» Task requirements:
Without any images, write the data out exactly as it appears.

» Source records:

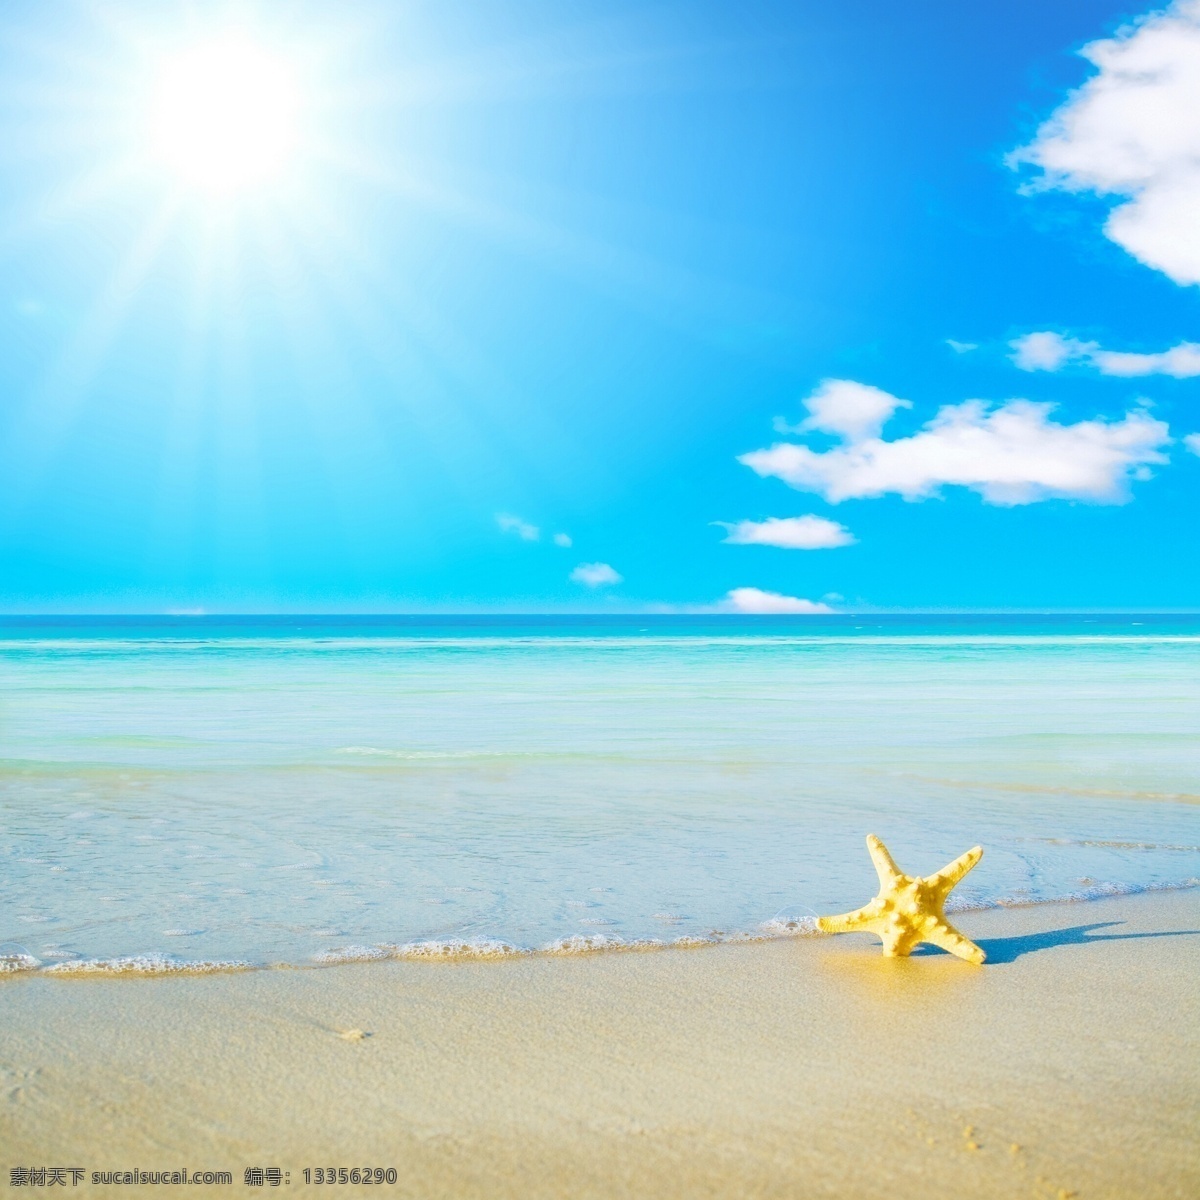 沙滩 海星 素材图片 白云 大海 海水 天空 阳光 自然风光 休闲旅游 热带风光 大海图片 风景图片
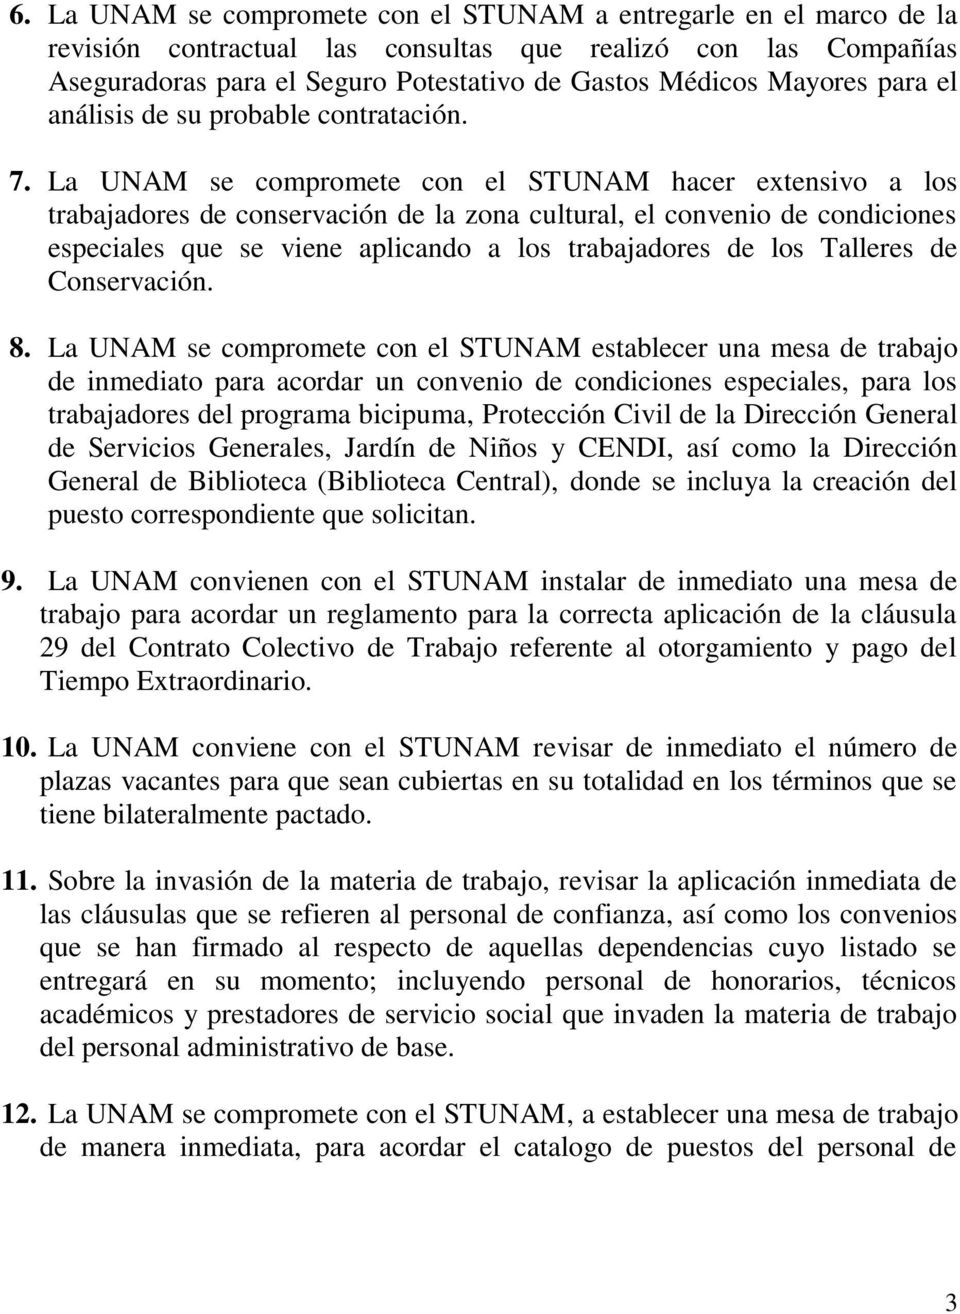 La UNAM se compromete con el STUNAM hacer extensivo a los trabajadores de conservación de la zona cultural, el convenio de condiciones especiales que se viene aplicando a los trabajadores de los
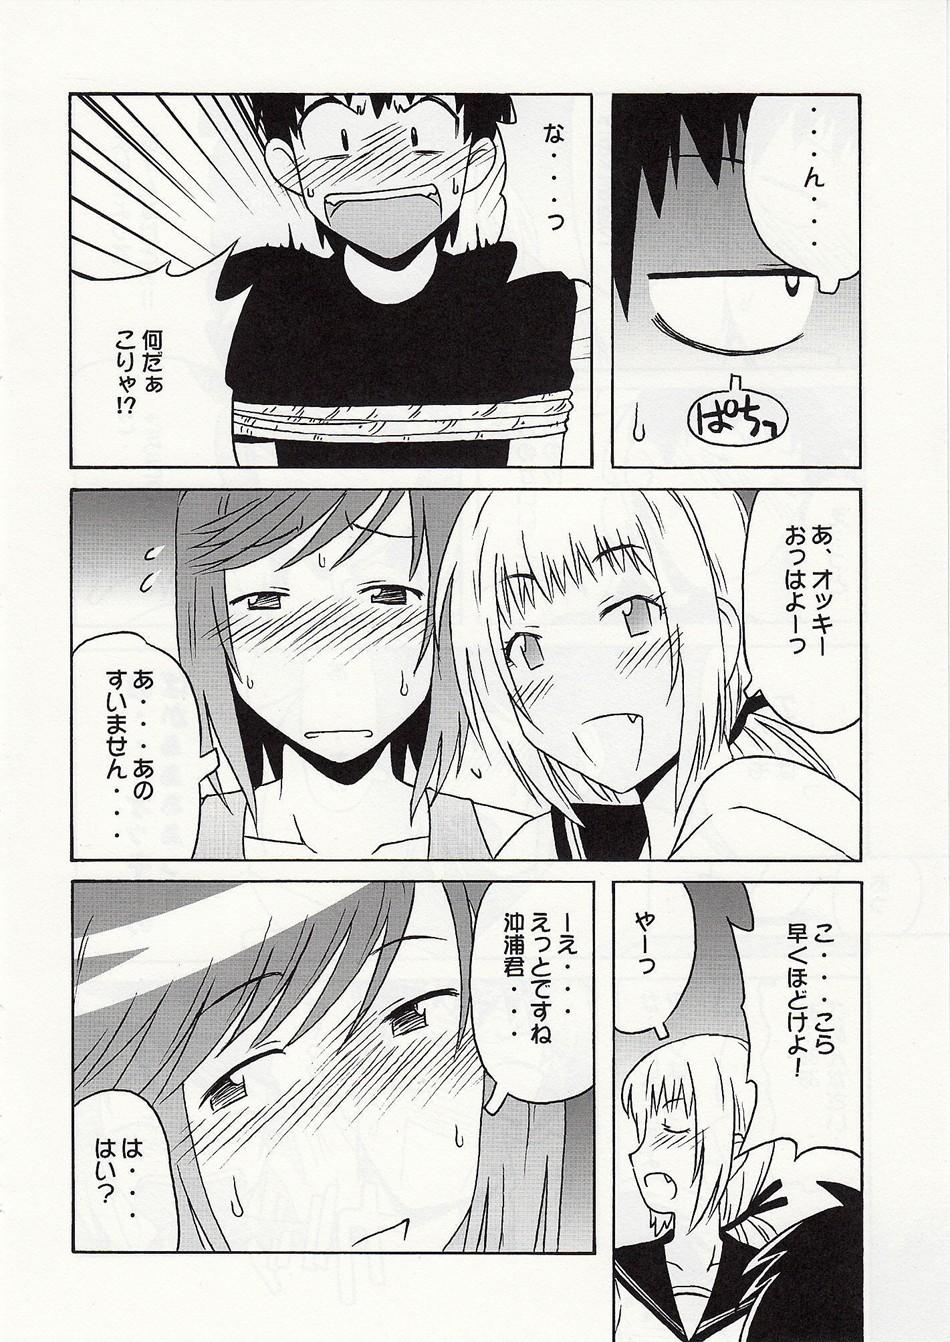 Homemade 静岡さん&まぁやとえっち - Umisho Fucking Girls - Page 9
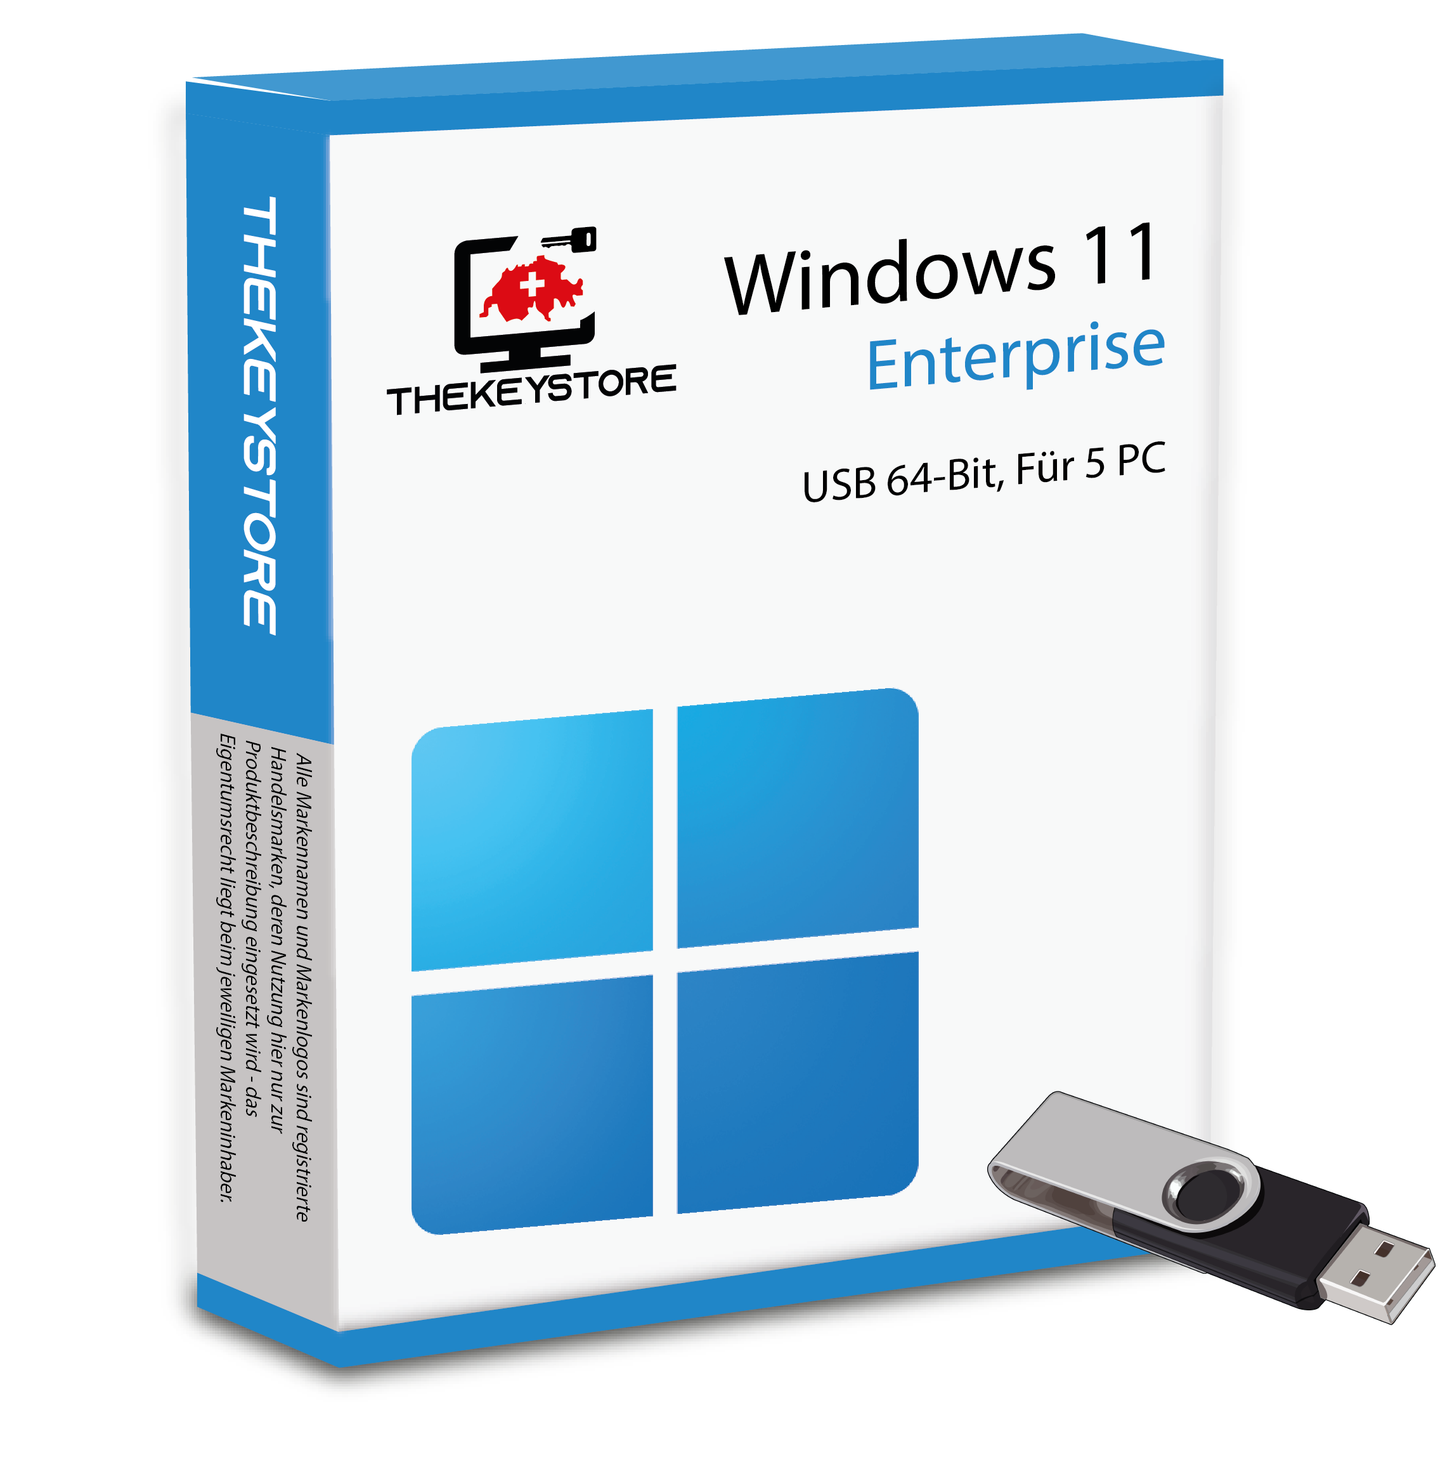 Microsoft Windows 11 Enterprise - Für 5 PC - TheKeyStore Schweiz
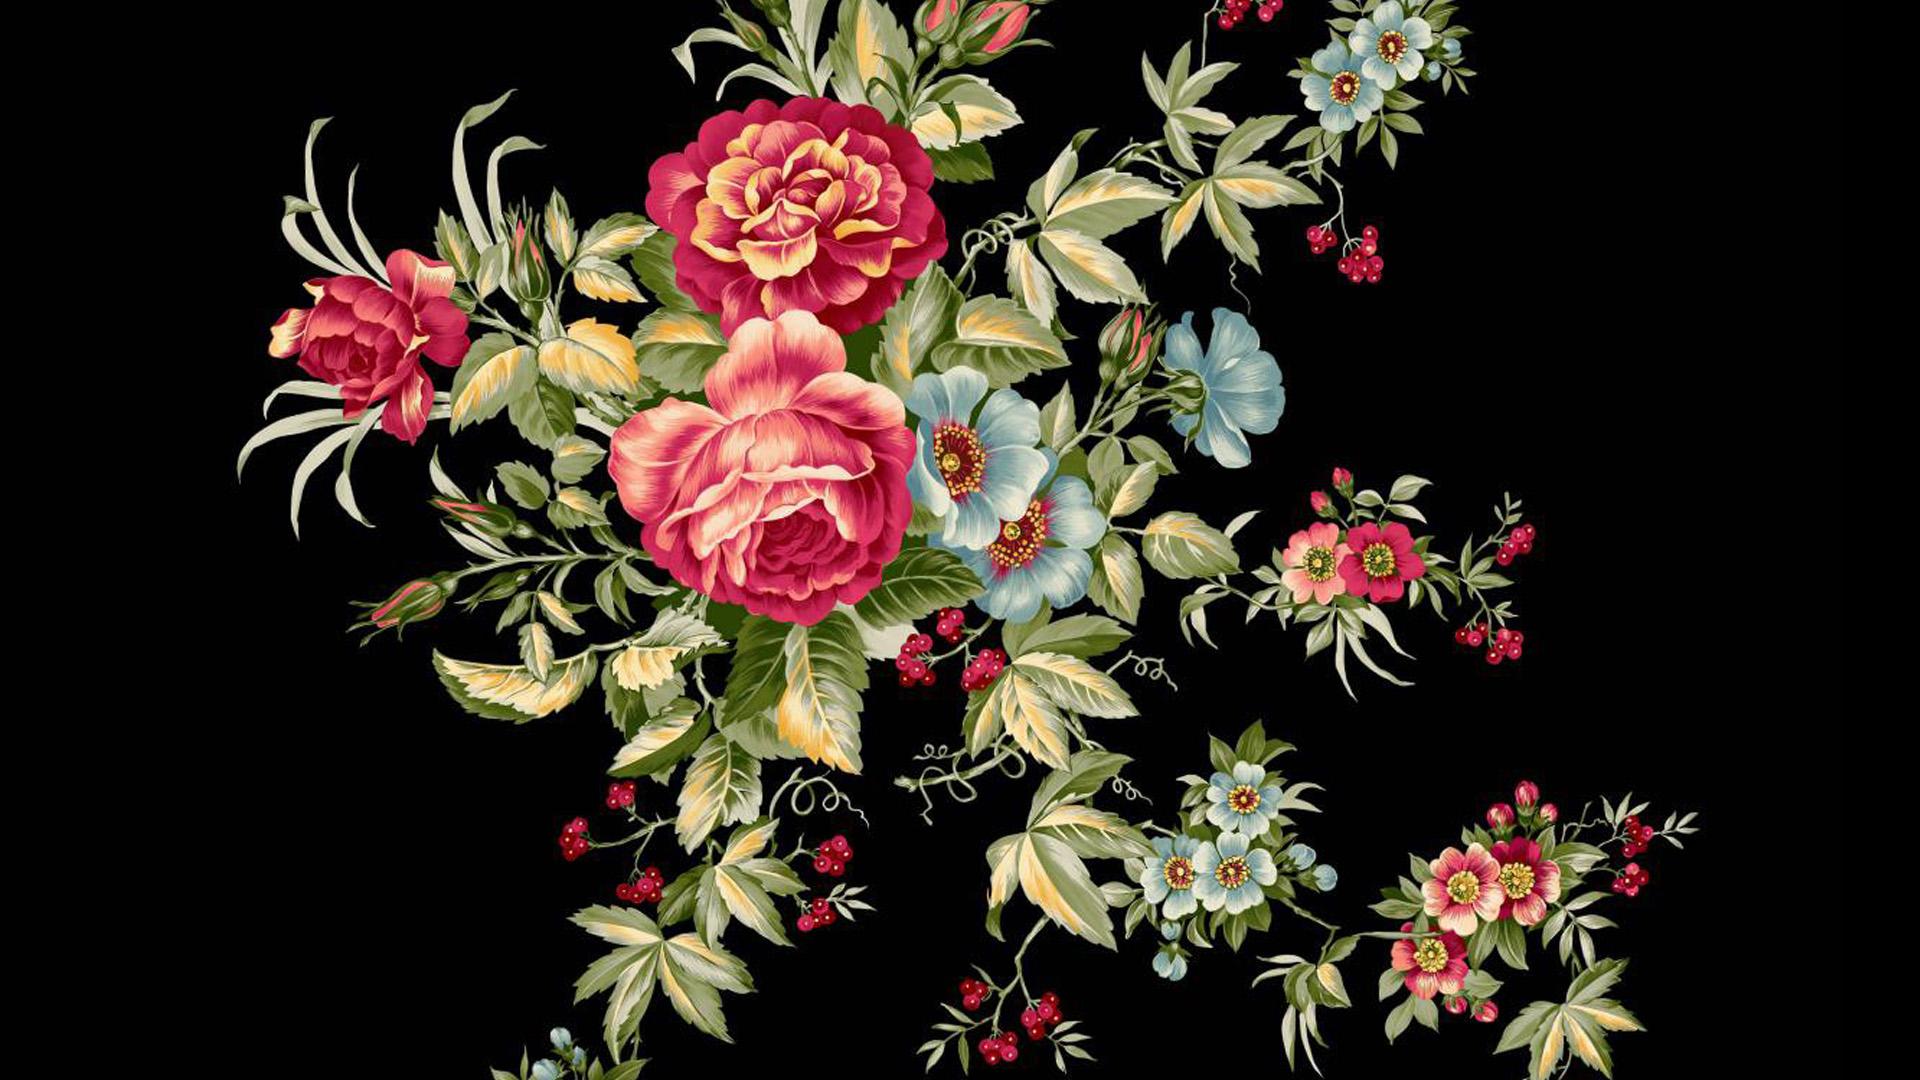 Vintage Rose Design HD Wallpaper. Background Image

» Reply:
 沙滩 海星 素材图片 白云 大海 海水 天空 阳光 自然风光 休闲旅游 热带风光 大海图片 风景图片
 La UNAM se compromete con el STUNAM hacer extensivo a los trabajadores de conservación de la zona cultural, el convenio de condiciones especiales que se viene aplicando a los trabajadores de los
 Homemade 静岡さん&まぁやとえっち - Umisho Fucking Girls - Page 9
 Microsoft Windows 11 Enterprise - Für 5 PC - TheKeyStore Schweiz
 Vintage Rose Design HD Wallpaper. Background Image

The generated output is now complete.